• [Directions for this task]
Repeat the lines from the one containing "(Masterpiece artwork: 1.2, best" through the last line of the data, exactly, pictures omitted.

(Data extracted from a collection)
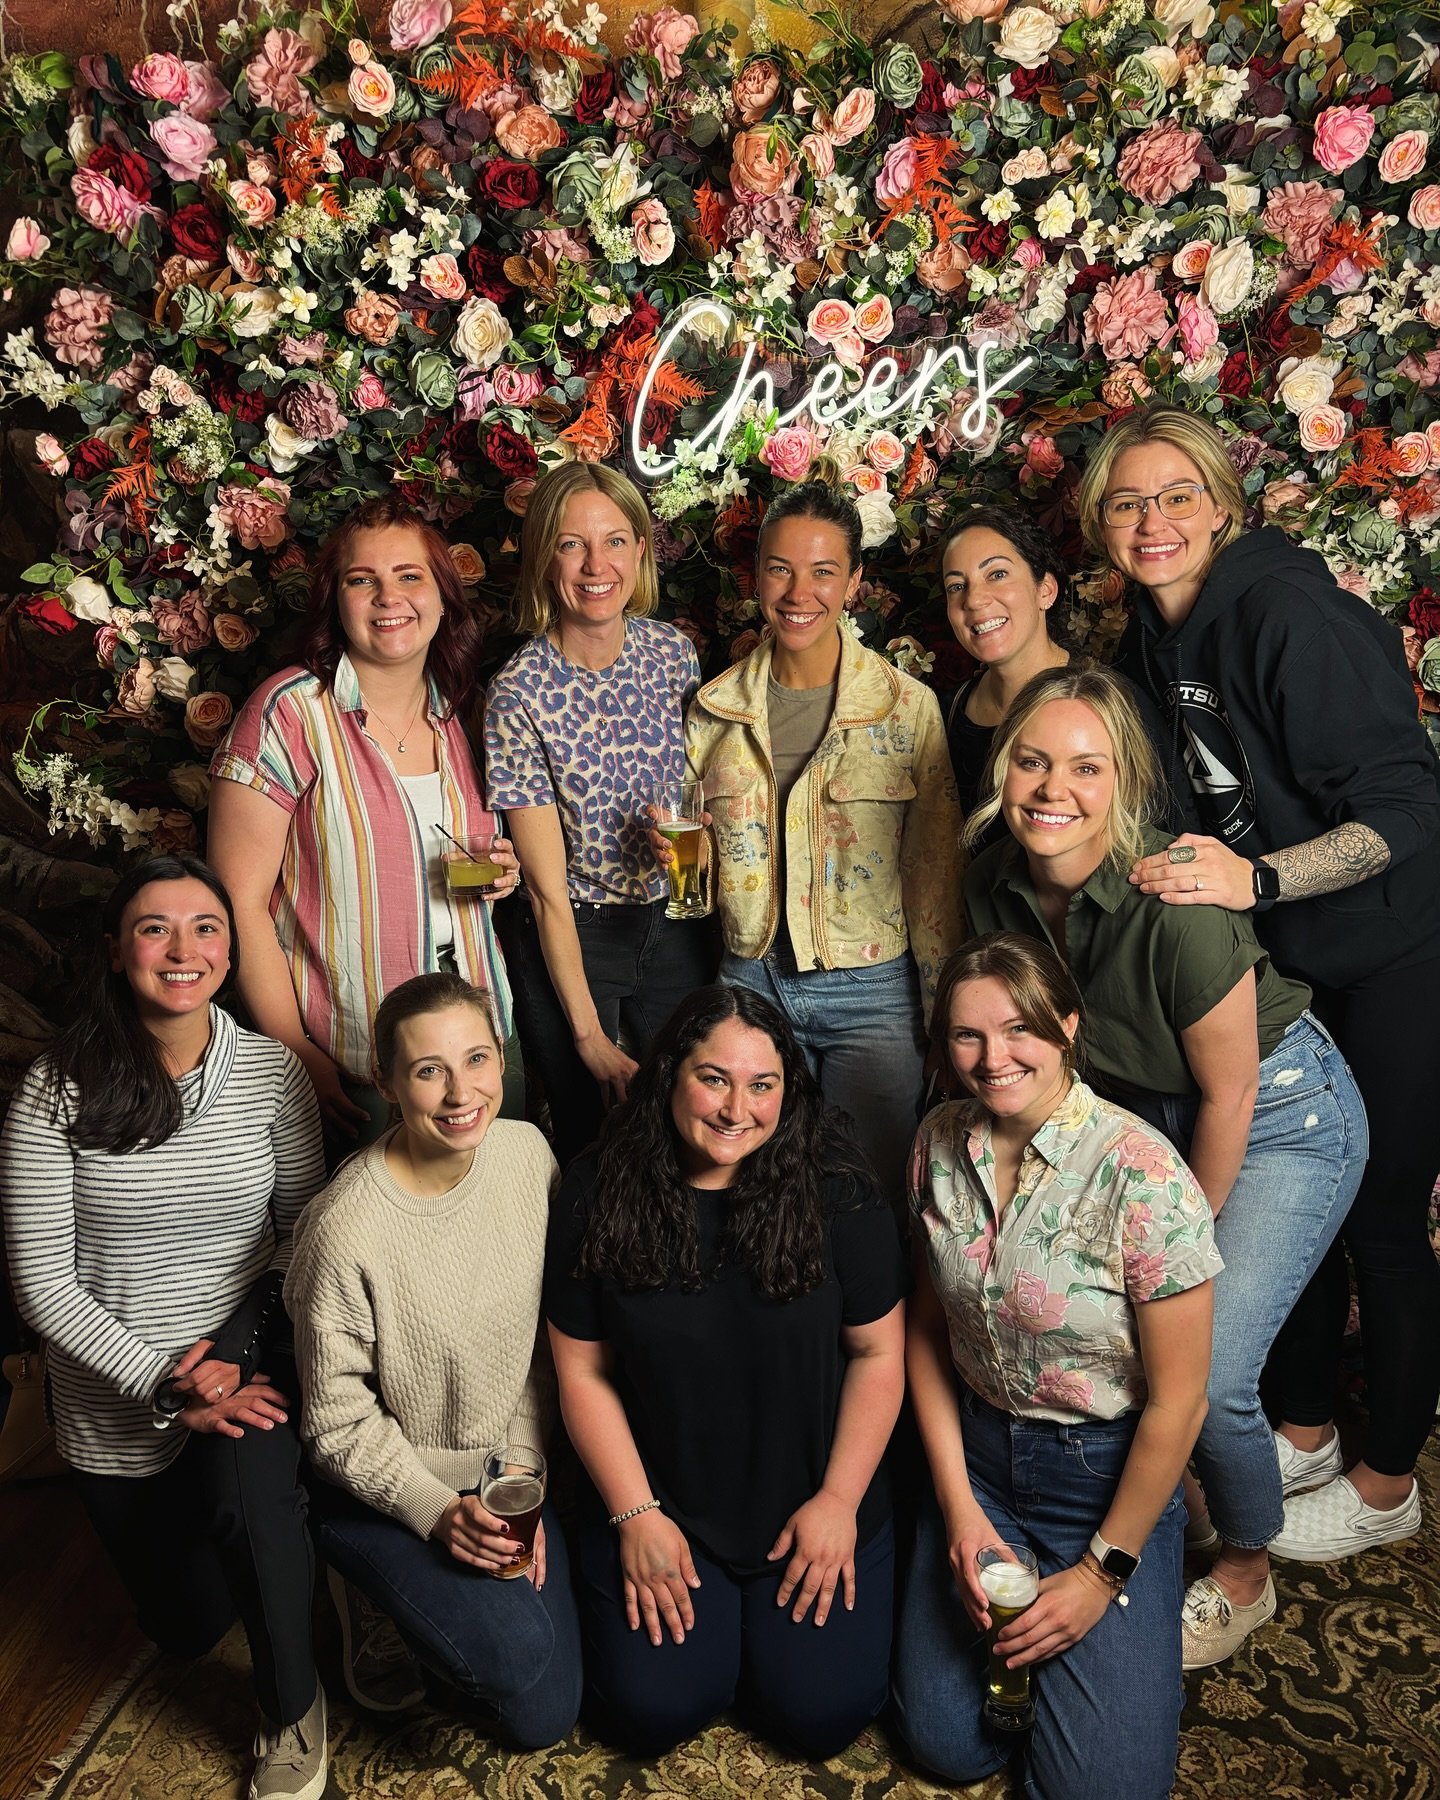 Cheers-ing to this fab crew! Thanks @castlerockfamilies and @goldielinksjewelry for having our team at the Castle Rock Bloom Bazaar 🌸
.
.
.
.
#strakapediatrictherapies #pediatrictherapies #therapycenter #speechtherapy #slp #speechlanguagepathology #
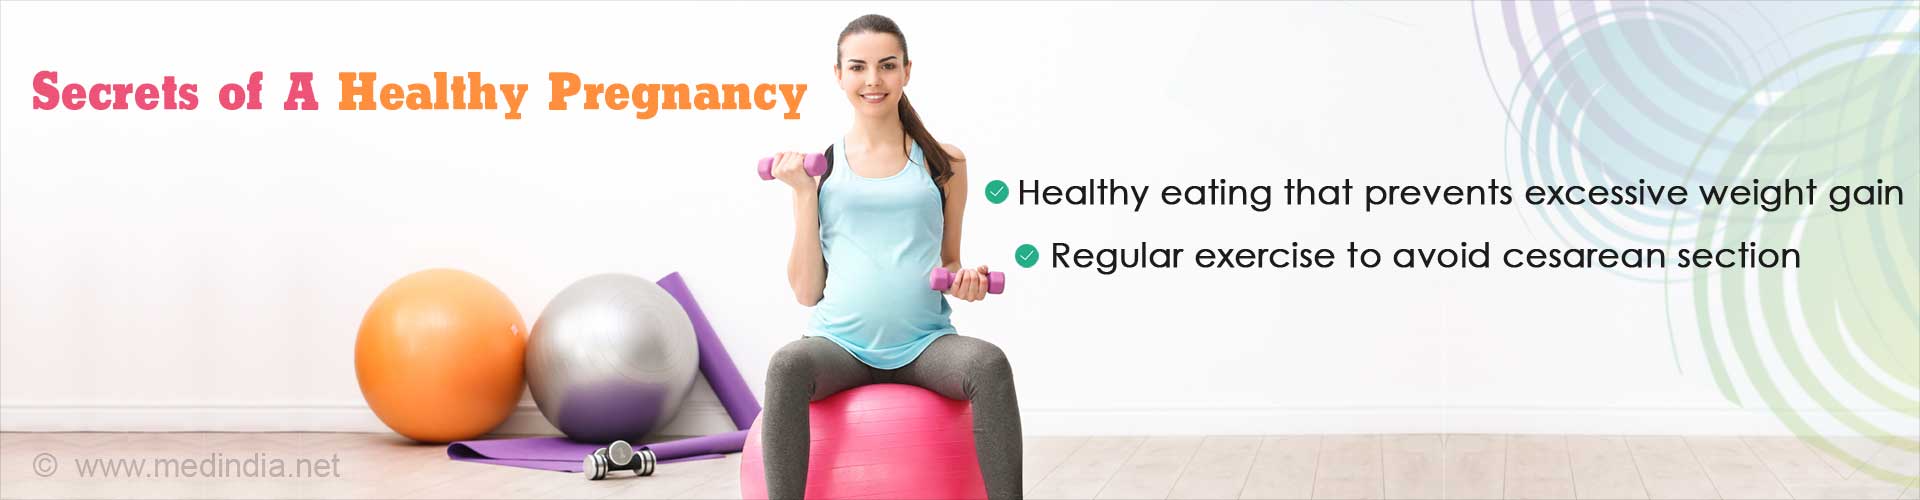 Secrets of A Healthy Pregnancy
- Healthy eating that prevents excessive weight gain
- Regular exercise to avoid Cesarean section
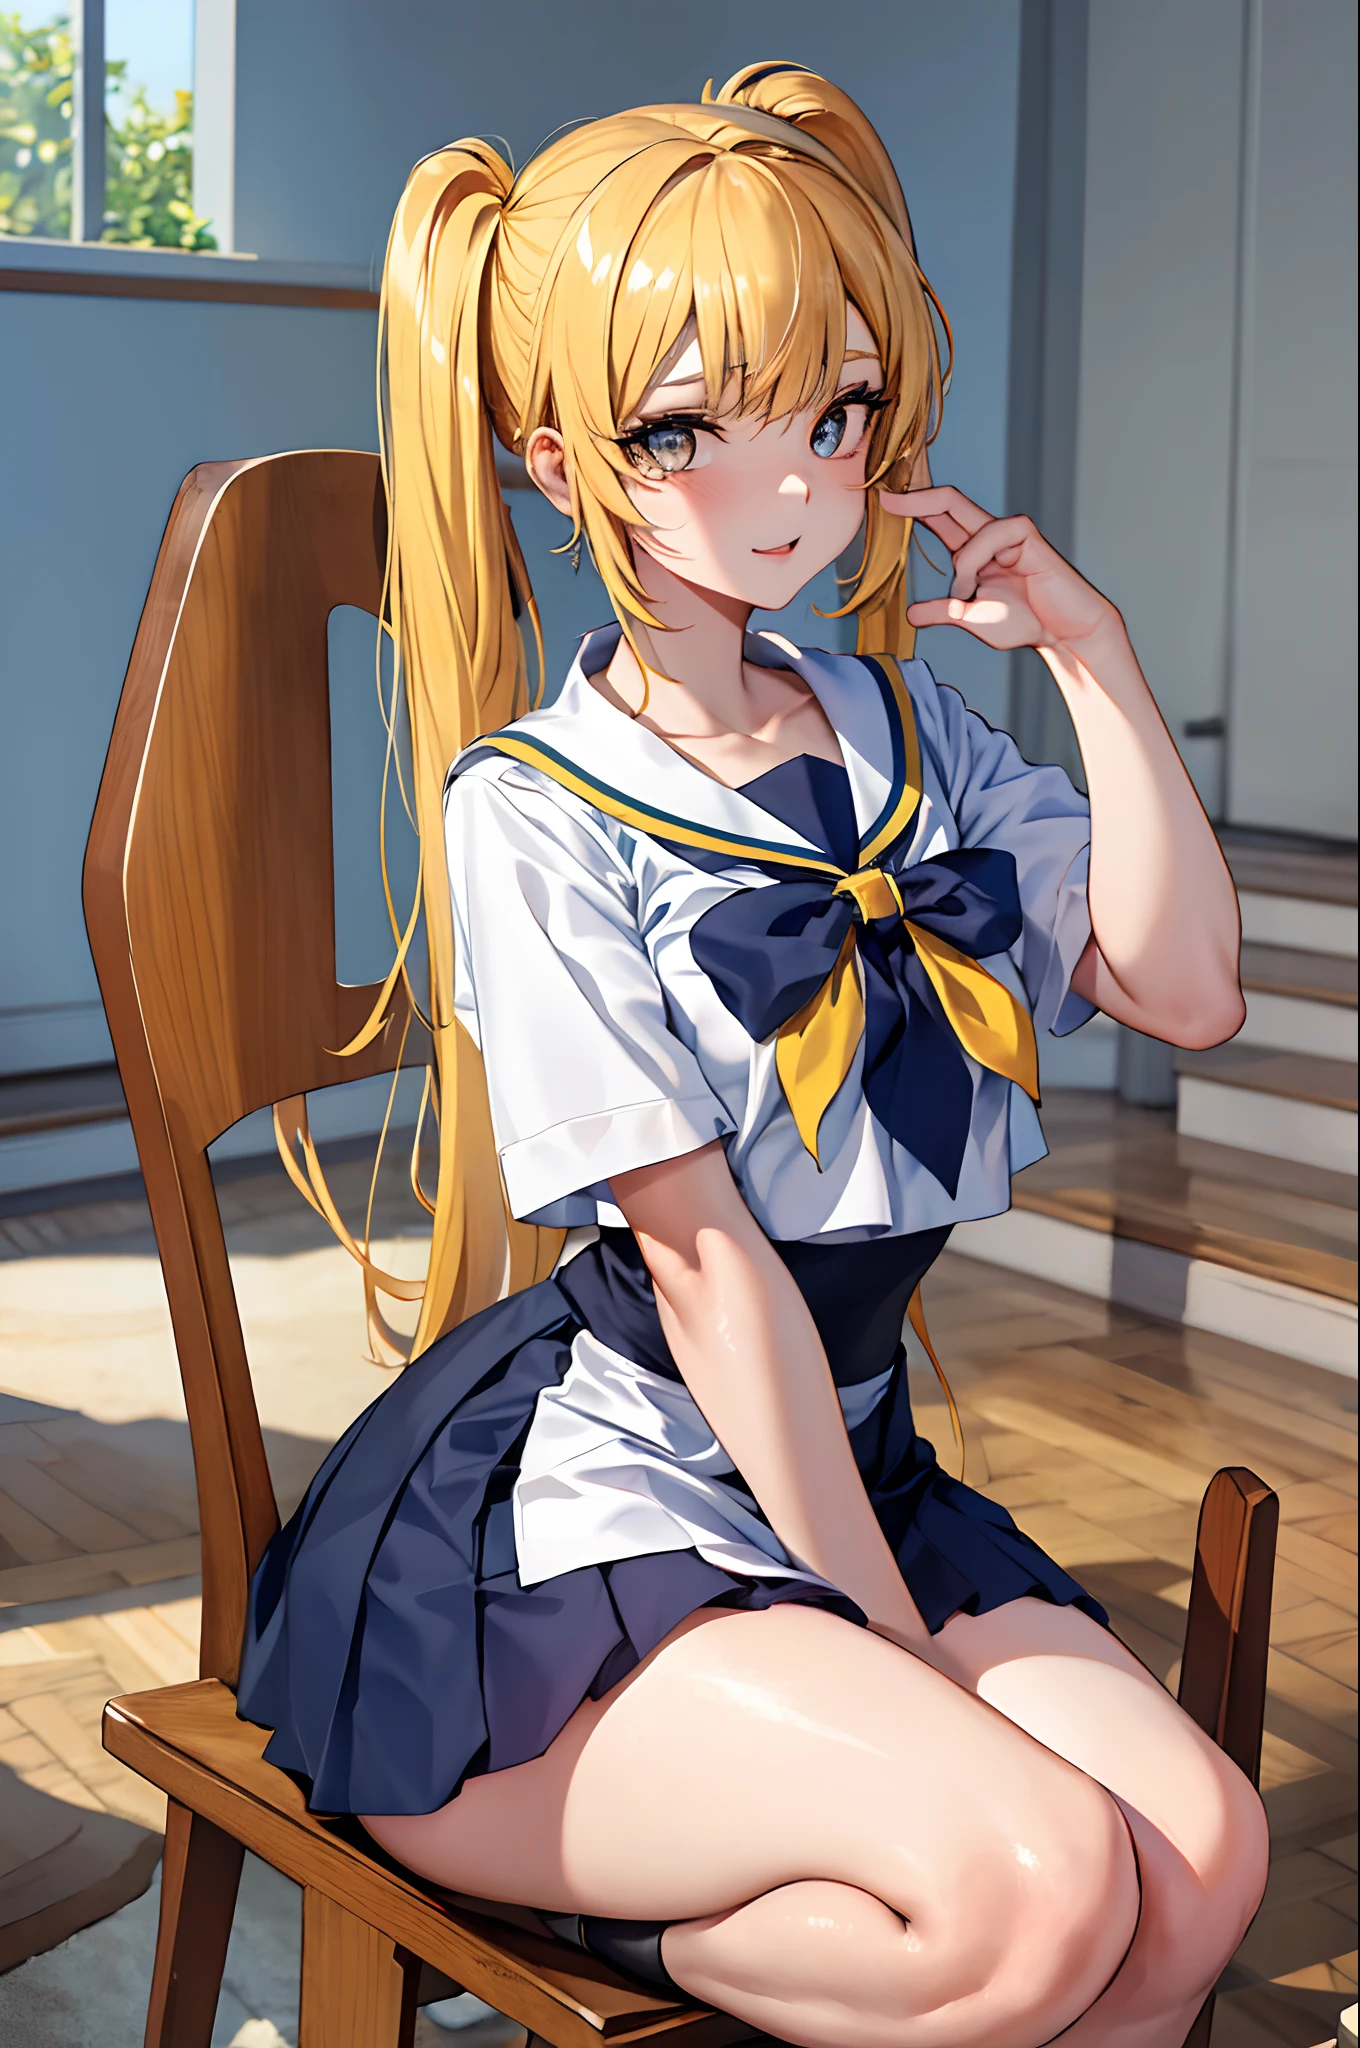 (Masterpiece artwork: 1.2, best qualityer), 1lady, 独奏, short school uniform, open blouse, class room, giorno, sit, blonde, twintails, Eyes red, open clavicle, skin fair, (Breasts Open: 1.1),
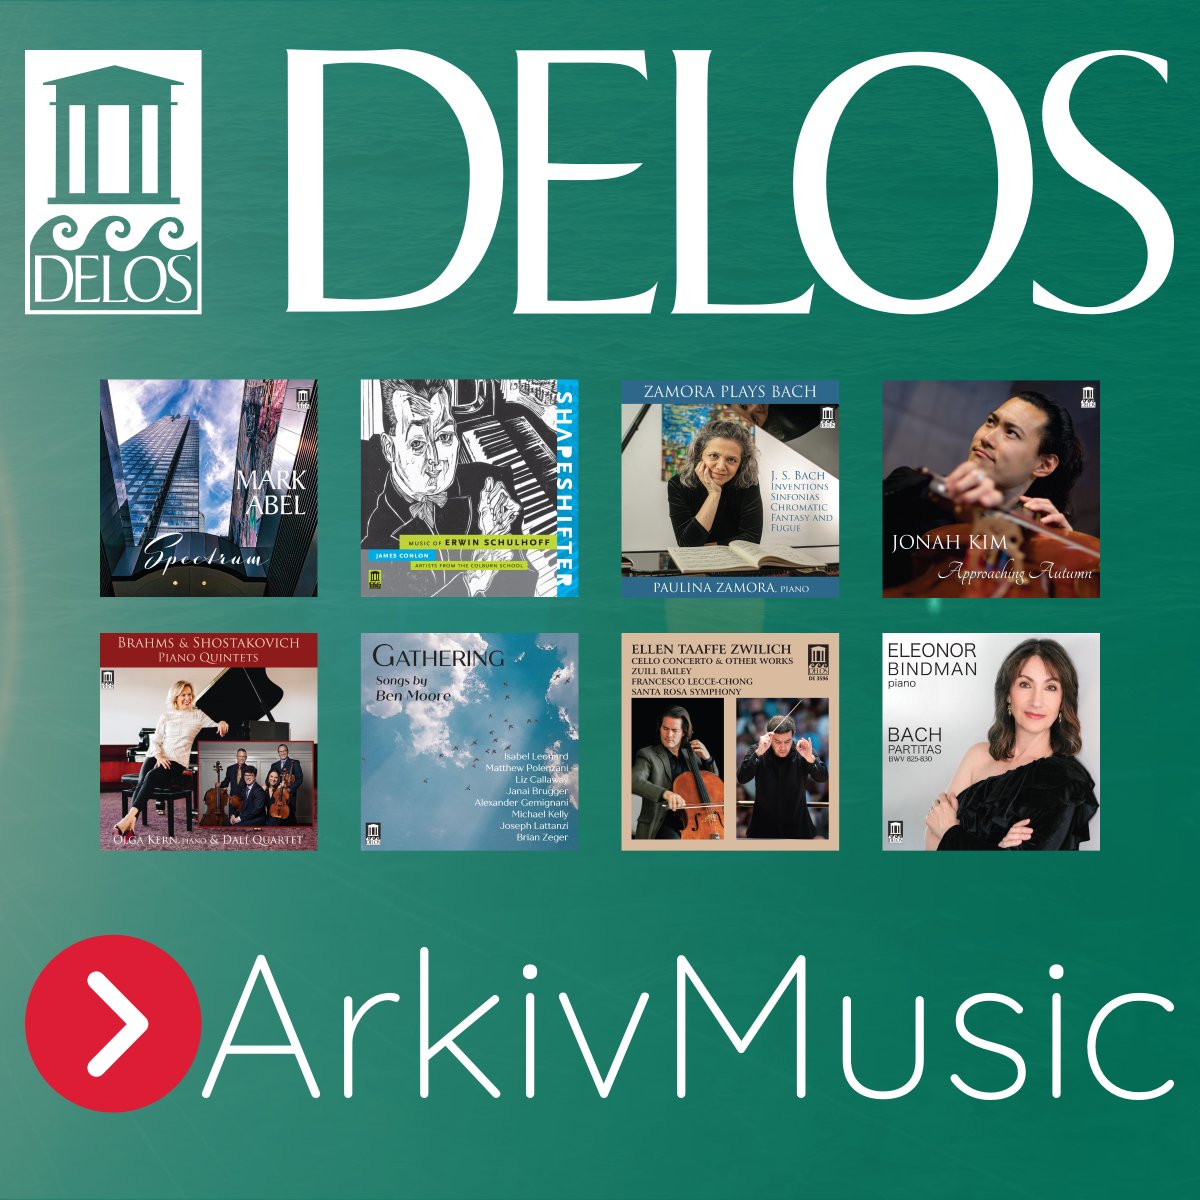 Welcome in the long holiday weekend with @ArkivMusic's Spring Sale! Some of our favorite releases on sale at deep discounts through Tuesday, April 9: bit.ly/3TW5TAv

• [Reply to the exercise]
 (Masterpiece artwork: 1.2, best qualityer), 1lady, 独奏, short school uniform, open blouse, class room, giorno, sit, blonde, twintails, Eyes red, open clavicle, skin fair, (Breasts Open: 1.1),
 Welcome in the long holiday weekend with @ArkivMusic's Spring Sale! Some of our favorite releases on sale at deep discounts through Tuesday, April 9: bit.ly/3TW5TAv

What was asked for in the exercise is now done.